In a paper - published in Advanced Materials - they have presented a newly developed type of photodetector and its integration into a dense sensor array for high-resolution multispectral (colour) imaging.
QDs are nanoparticles less than 10 nanometers in diameter whose size causes them to manifest certain quantum effects, including photon absorption and their conversion into electric carriers. By precisely engineering their size and composition, QDs can be tailored to respond only to light of a specific colour(s). The advantage of QDs is that they can be stacked vertically in each pixel and that photons are not absorbed by the upper levels of QDs and so don’t penetrate and reach the bottom ones. Consequently, photodetectors for each colour in each pixel can be accommodated into a much tighter area.

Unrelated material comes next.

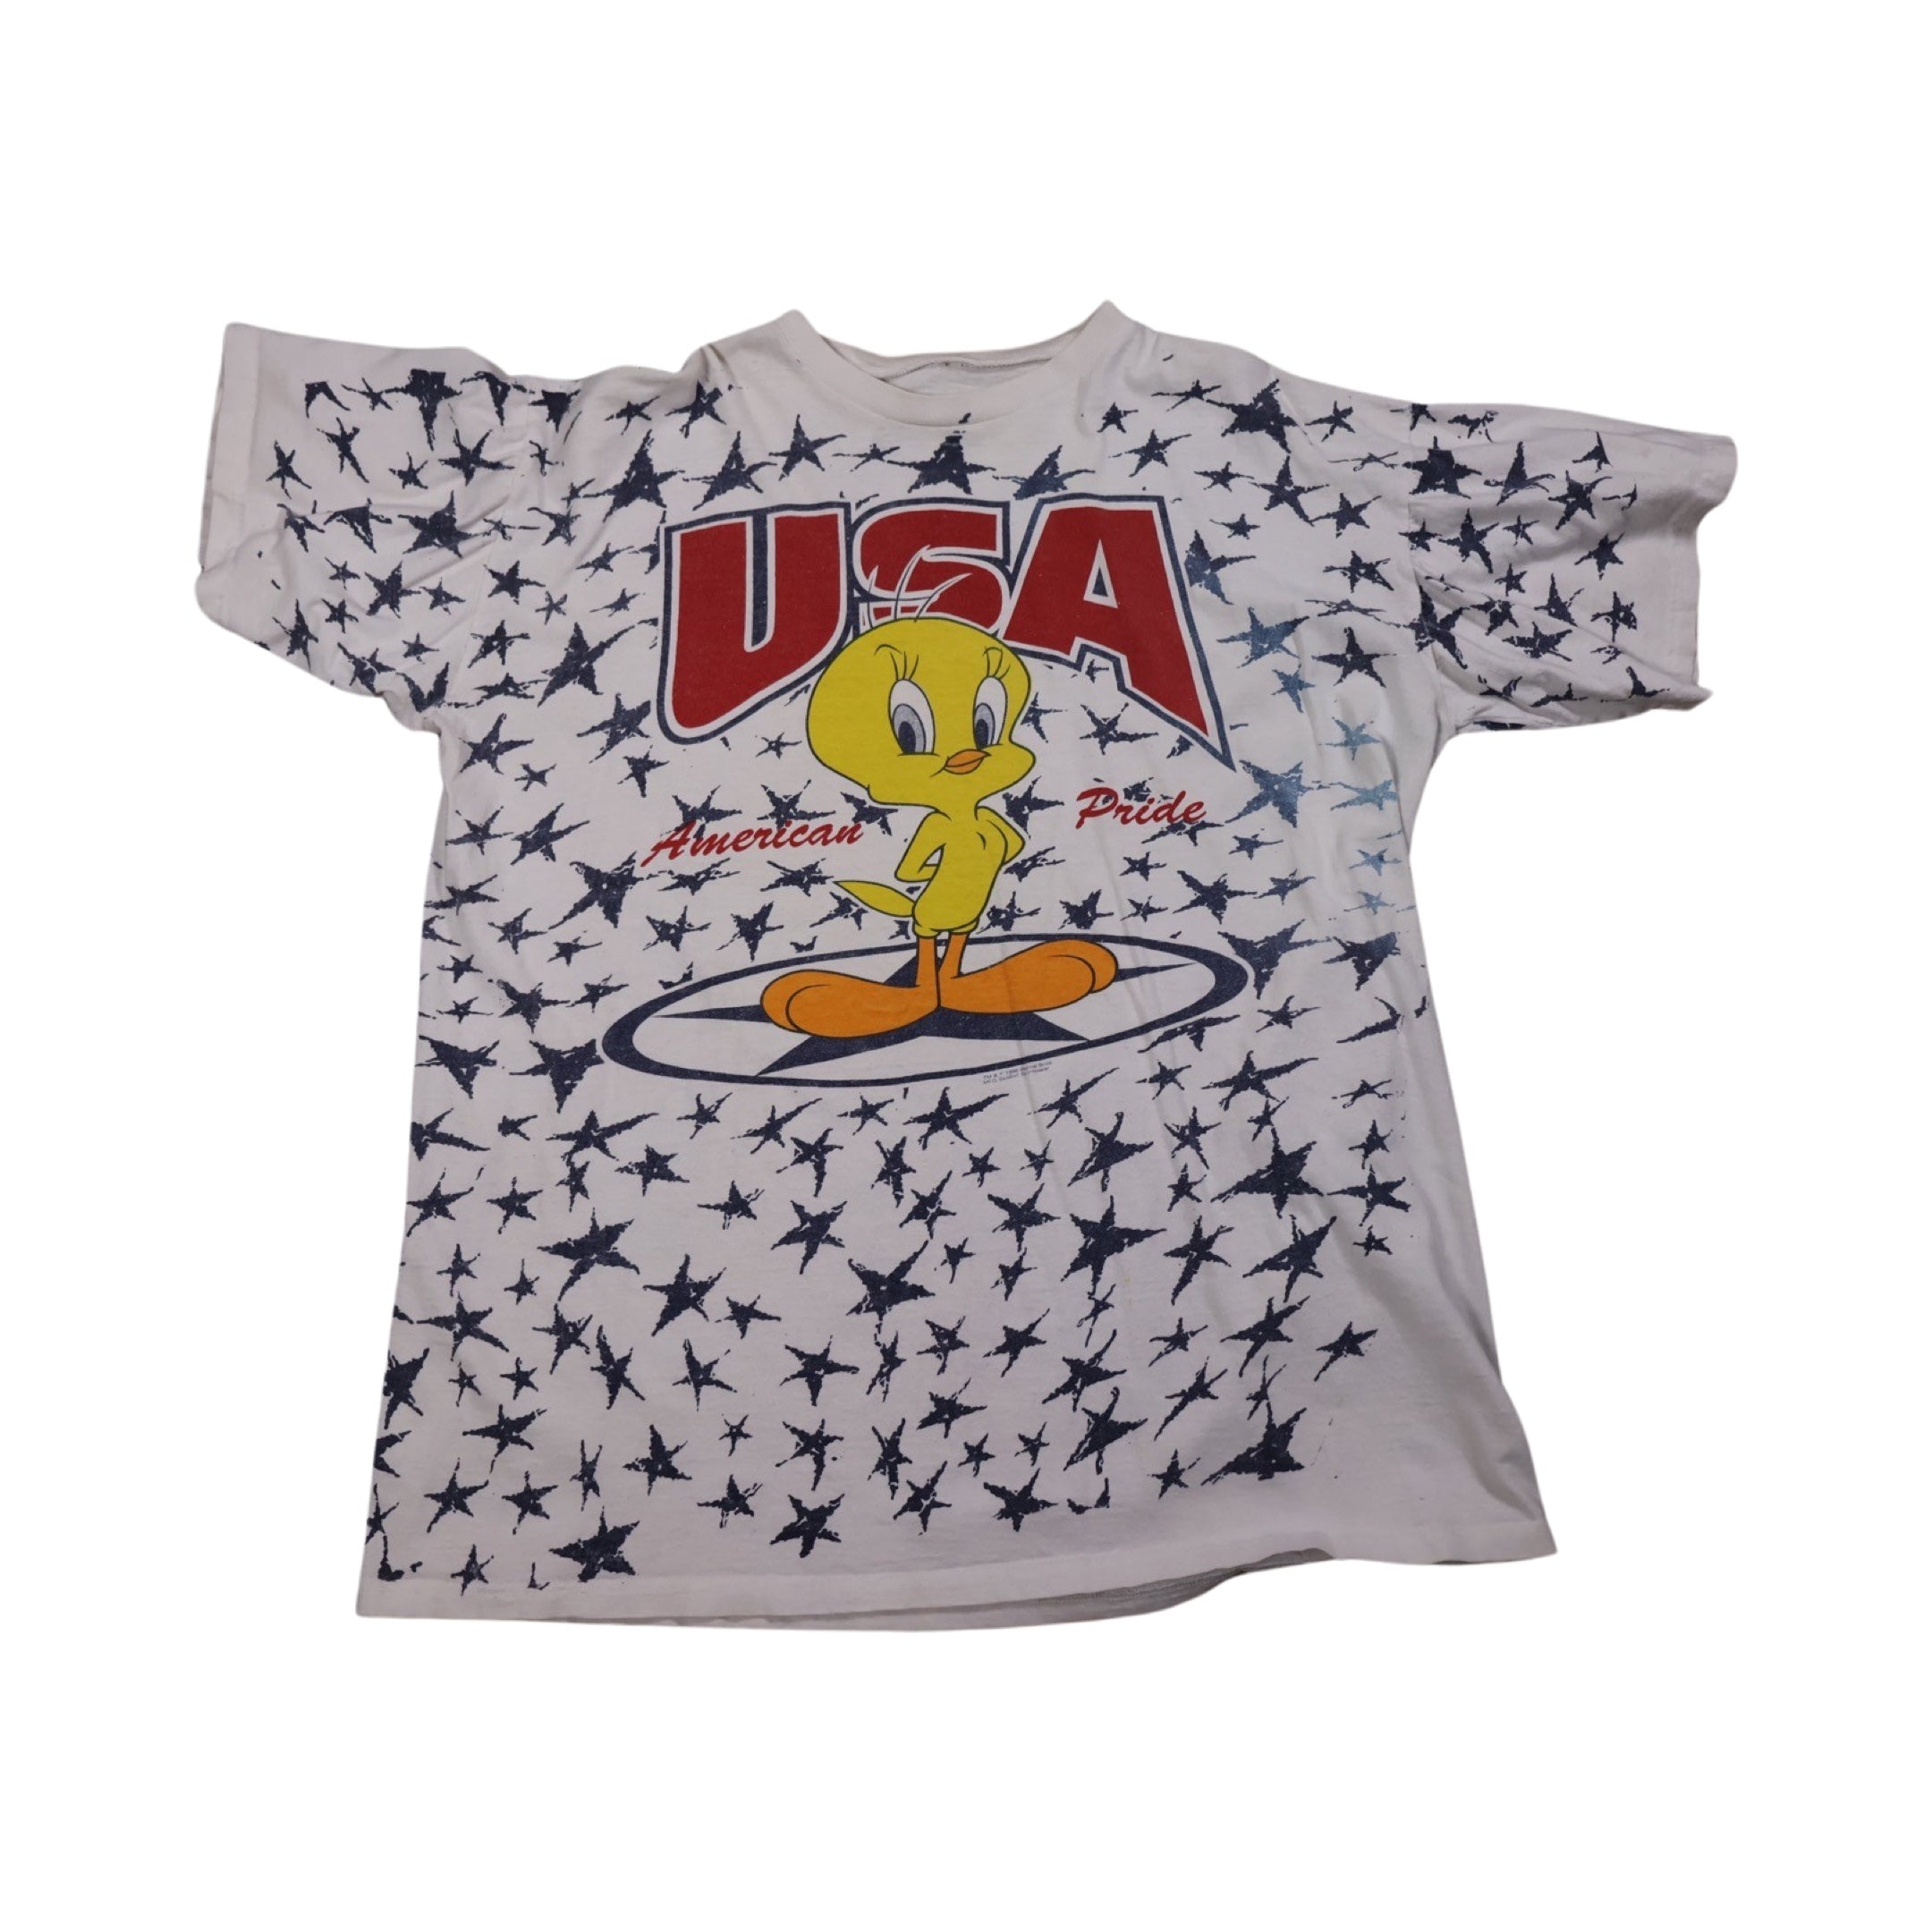 Tweety USA All-Over-Print 1996 T-Shirt (XXL)

Using a low-temperature fabrication procedure, the scientists have been able to squeeze in an astoundingly high number of pixels in a small area, as Prof. Park explained. “The device density of our photodetector array is 5500 devices per square centimetre, which is remarkably larger than that reported for previous solution-processed flexible photodetectors, which reaches up to 1600 devices.”
In addition, the vertically stacked QD pixels achieved a great colour selectivity and photosensitivity. In the long term, the team believes future improvements could make vertically stacked QDs replace existing CMOS image sensors in many applications thanks to their simple fabrication, low power consumption, durability, and capabilities.
According to Prof. Park, “We think our design is a great advancement towards establishing a low-cost, high-resolution and integrated image sensor system that goes beyond conventional ones. It should be widely applicable in fields such as wearable sensory systems, biomedicine, and autonomous driving.”